SEC Media Days, the league’s annual preview of a fast-approaching football season, landed in Atlanta after more than three decades in the Birmingham, Ala., area.
The four-day event, at which more than 1,000 media members will hear from coaches and players representing the 14 SEC football teams, began Monday at the College Football Hall of Fame and the adjacent Omni Atlanta Hotel.
“We’re excited to bring one of our signature events to Atlanta,” SEC commissioner Greg Sankey said.
The event had been held in Birmingham or neighboring Hoover, Ala., every year since 1985 and is scheduled to return to Hoover next year. Sites for 2020 and beyond haven’t been determined, but the SEC envisions moving the event around to various parts of the conference footprint. The Dallas area is considered a likely destination, and Atlanta officials hope to persuade the league to return the event here in some future year.
“I’ve been clear, in my mind, (there) is some portability,” Sankey said.
For this week, a blue carpet has been spread through the lobby of the Hall of Fame. Admission to that area is free for fans to greet arriving players and coaches as long as space is available. The lobby is expected to draw a crowd Tuesday morning when Georgia coach Kirby Smart and three UGA players make their Media Days appearances.
The Hall of Fame’s 45-yard-long indoor playing field has been converted to a main staging area for coaches’ news conferences and player interviews, creating what Sankey called a “special and unique” setting with its artificial turf and goal post.
Hosting Media Days produces “fantastic visibility for Atlanta” because of the extensive national media coverage it draws, Atlanta Sports Council president Dan Corso said Monday.
“I think it solidifies Atlanta’s position as the epicenter of college football,” Corso said. “As you watched the coverage beginning (Monday) morning on SEC Network, you saw all the visuals of downtown -- the aerial shots of not only the College Football Hall of Fame and Centennial Olympic Park but our downtown landscape.”
Sankey said holding the event in Atlanta “reminds us of this city’s important place in the history of the Southeastern Conference.”
He noted that the league’s “first-ever” annual meeting was held “on West Peachtree Street at the old Biltmore Hotel” on Feb. 27, 1933. He mentioned that the SEC Championship football game has been played in Atlanta for the past 24 years and that two SEC teams, Alabama and Georgia, met in Atlanta in the College Football Playoff national championship game last season.
And Sankey said he hopes some of the players meeting the media here this week will return to the same building someday to be inducted into the Hall of Fame.

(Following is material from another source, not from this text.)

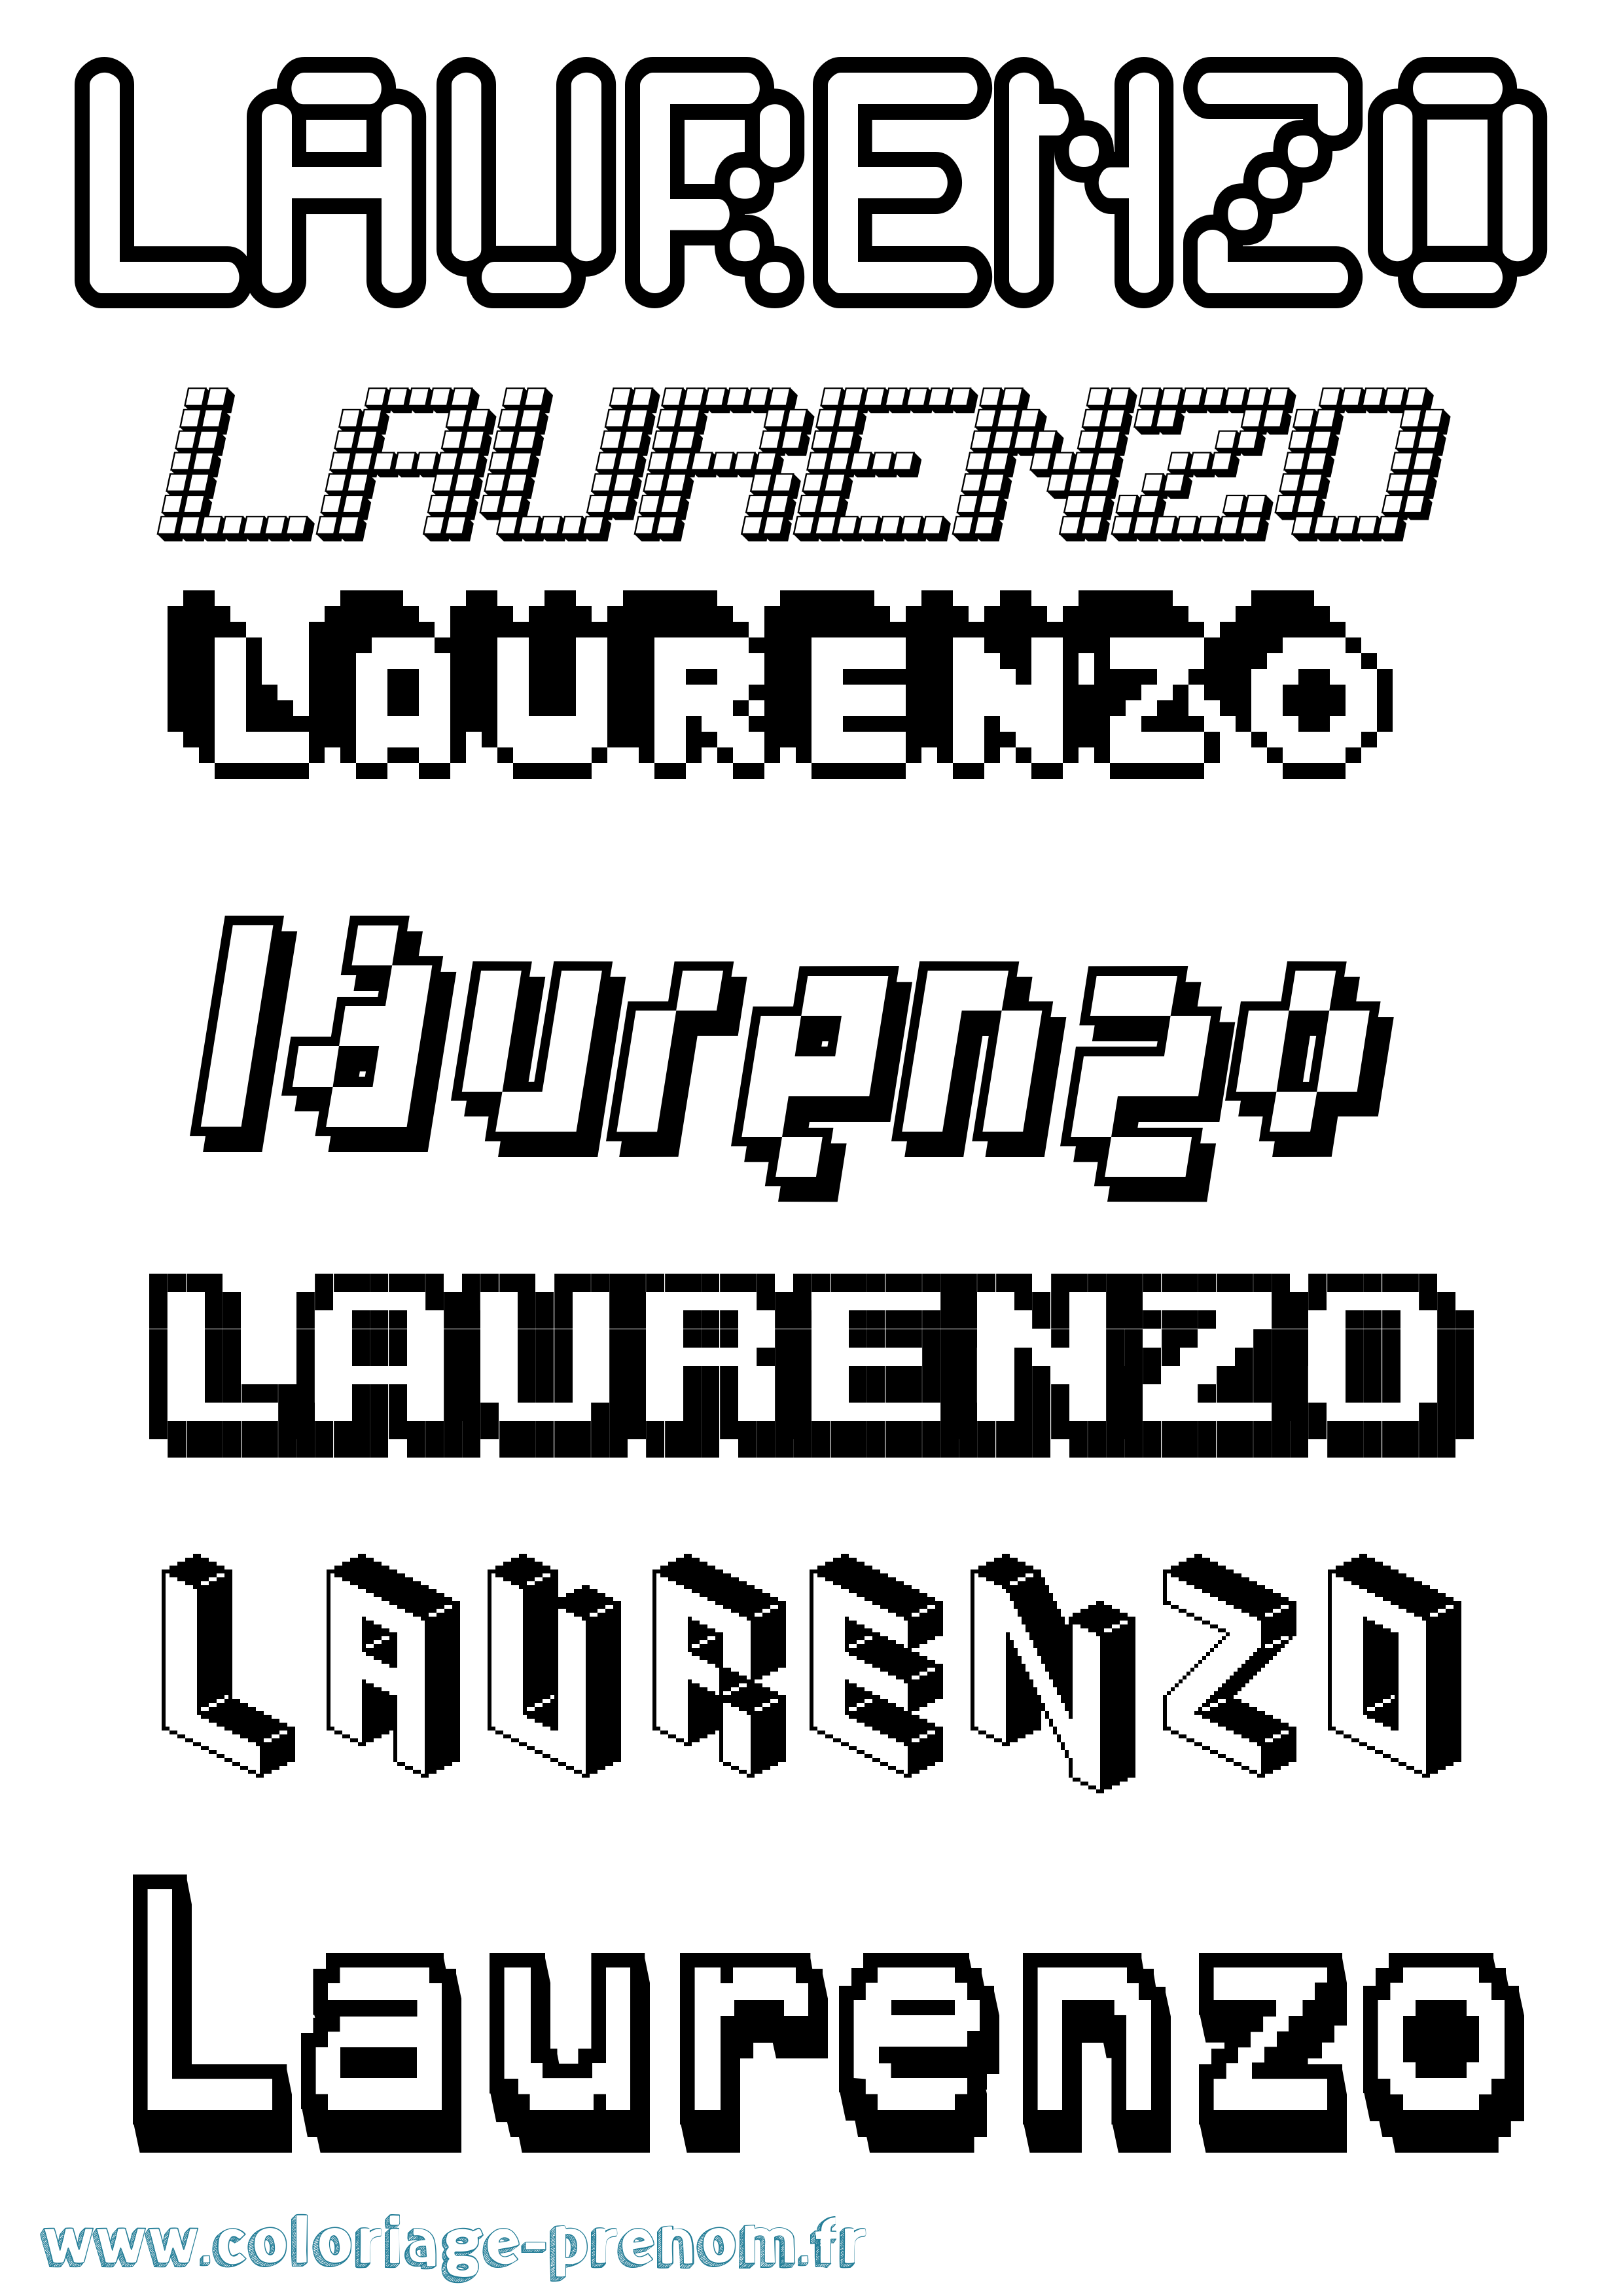 Coloriage prénom Laurenzo Pixel

SEC Media Days might have come to Atlanta one year earlier, Sankey said, if not for construction delays at Mercedes-Benz Stadium, which opened last August.

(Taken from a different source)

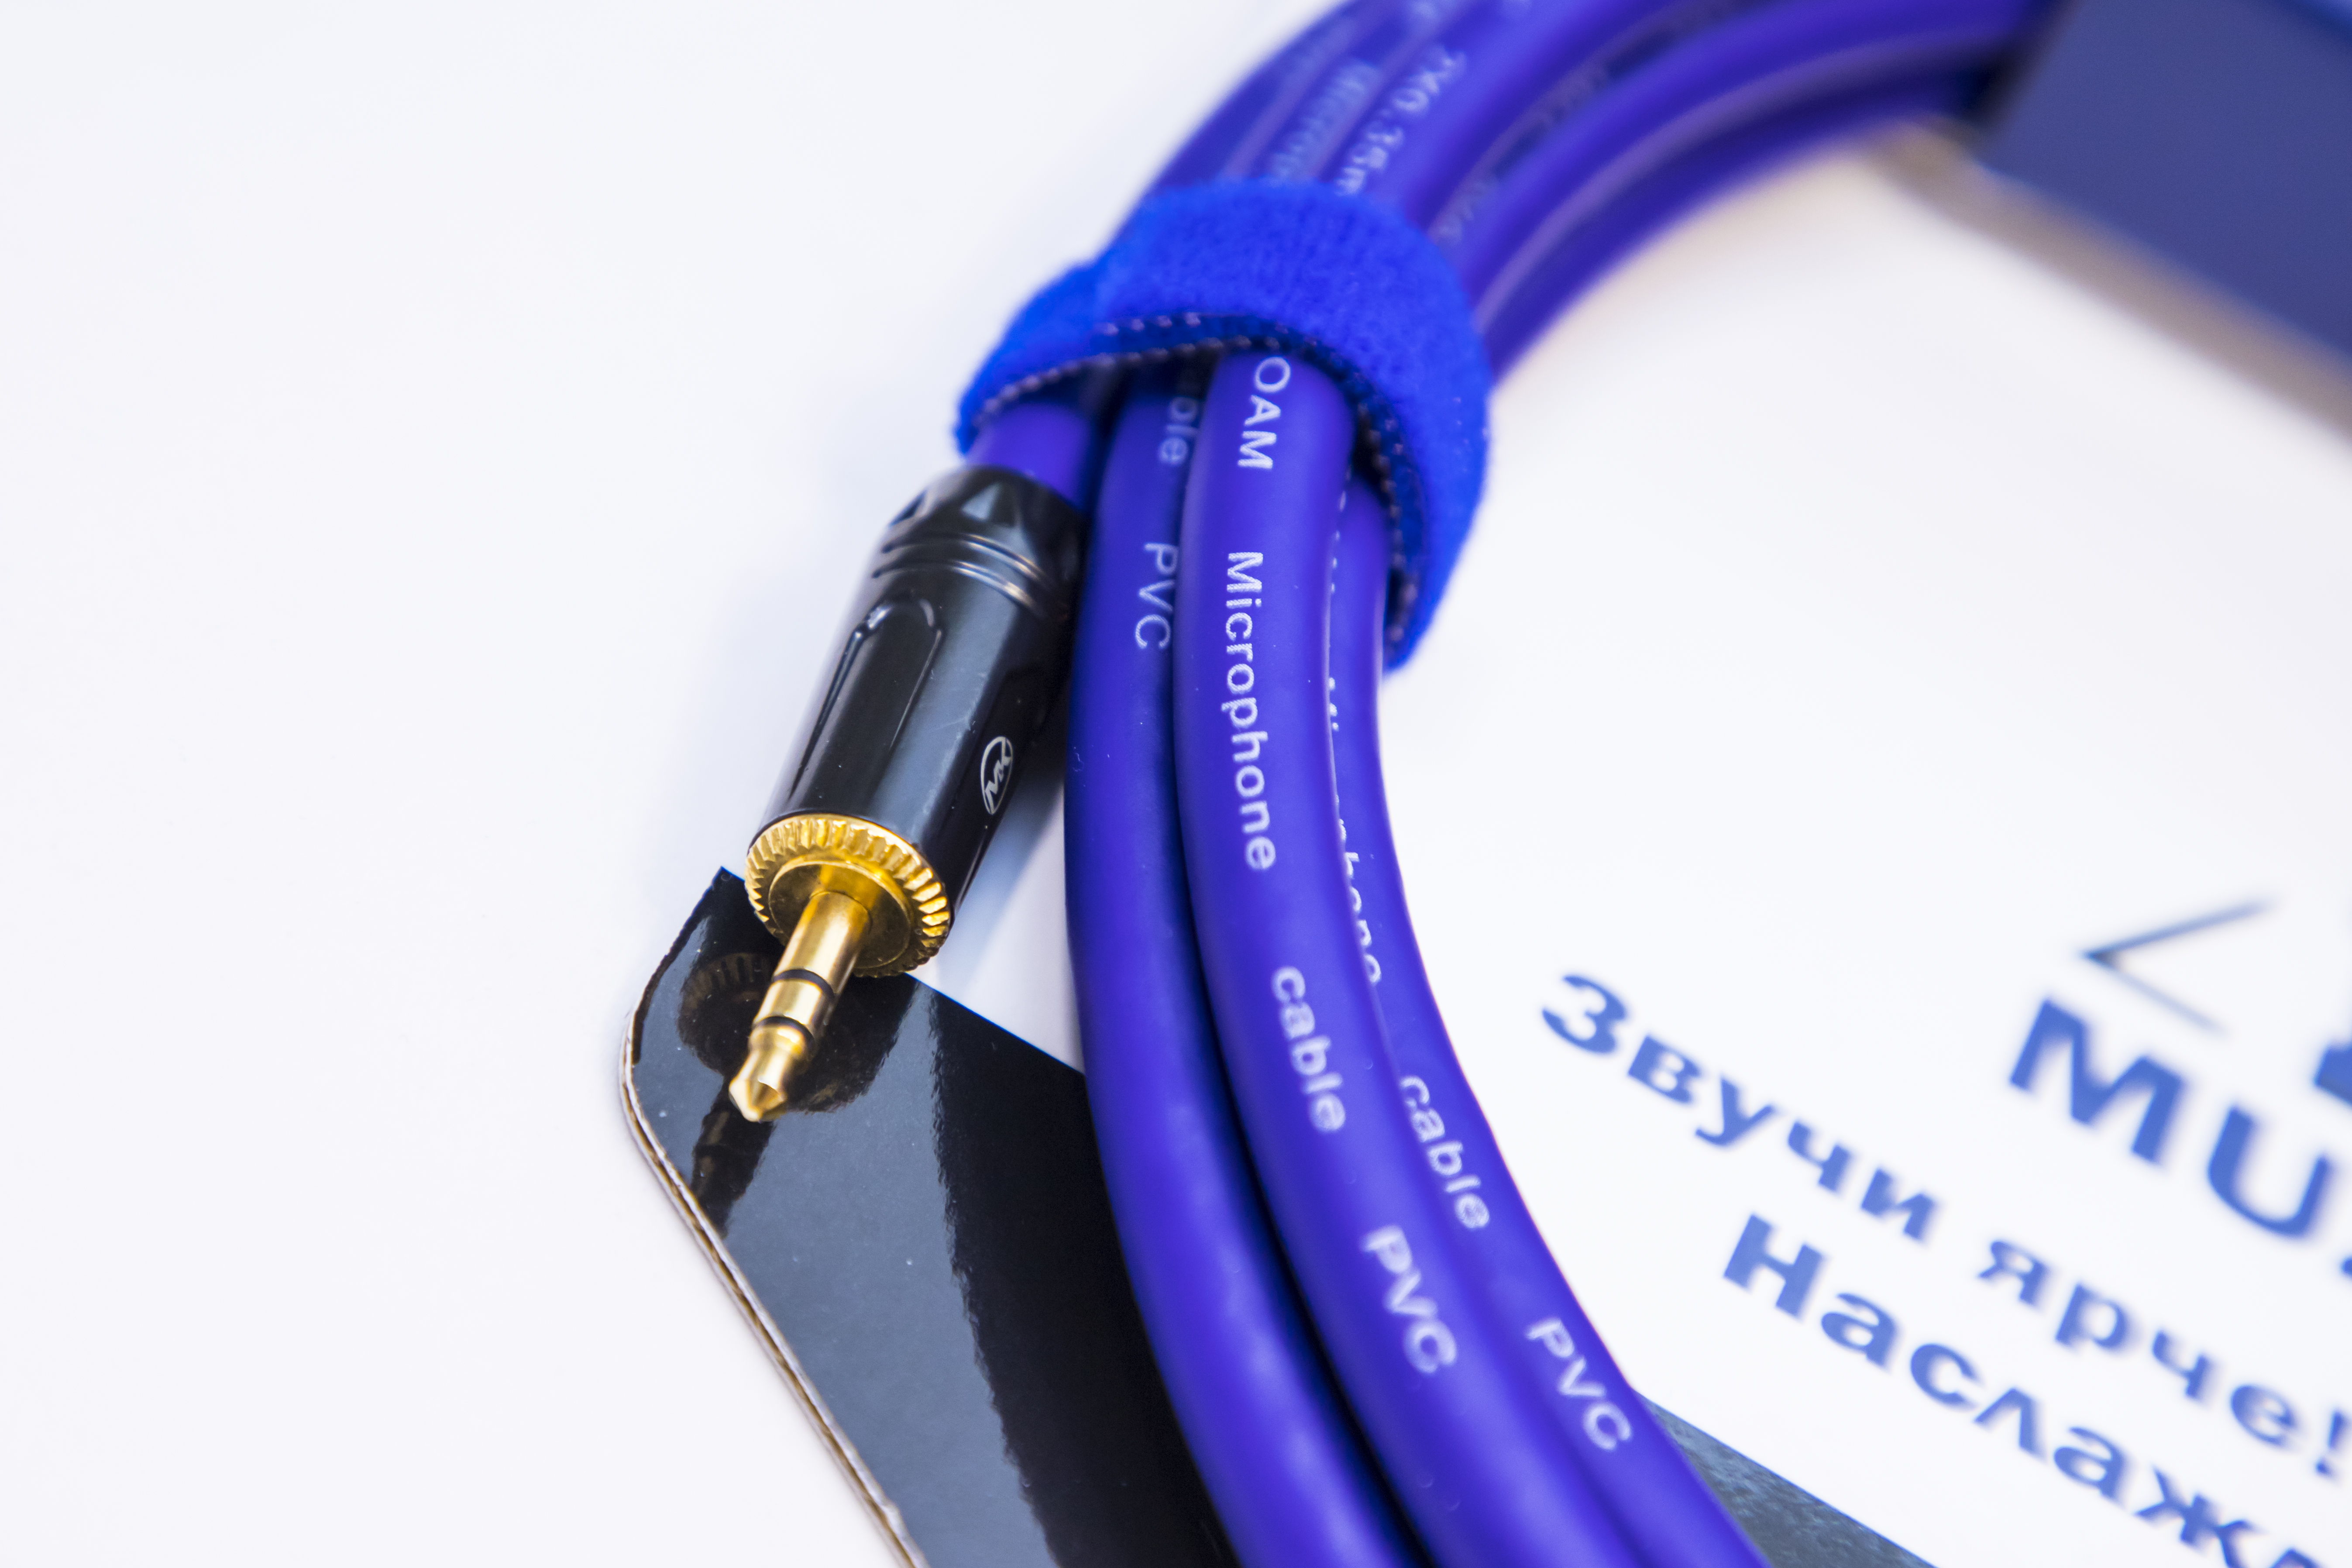 Аудио кабель MUZKABEL MFXMK1V - 8 метров, MINI JACK (3.5) - MINI JACK (3.5)

“We thought very intentionally about moving Media Days here last summer,” Sankey said. “The Falcons were great in conversation and thought, wow, what a neat way to have the (stadium’s) first college football event be SEC Media Days in or around Mercedes-Benz Stadium. Obviously construction (delays) made that a possibility that wasn’t real for us last year.
“But it started a set of thoughts and preparations that led us here (now).”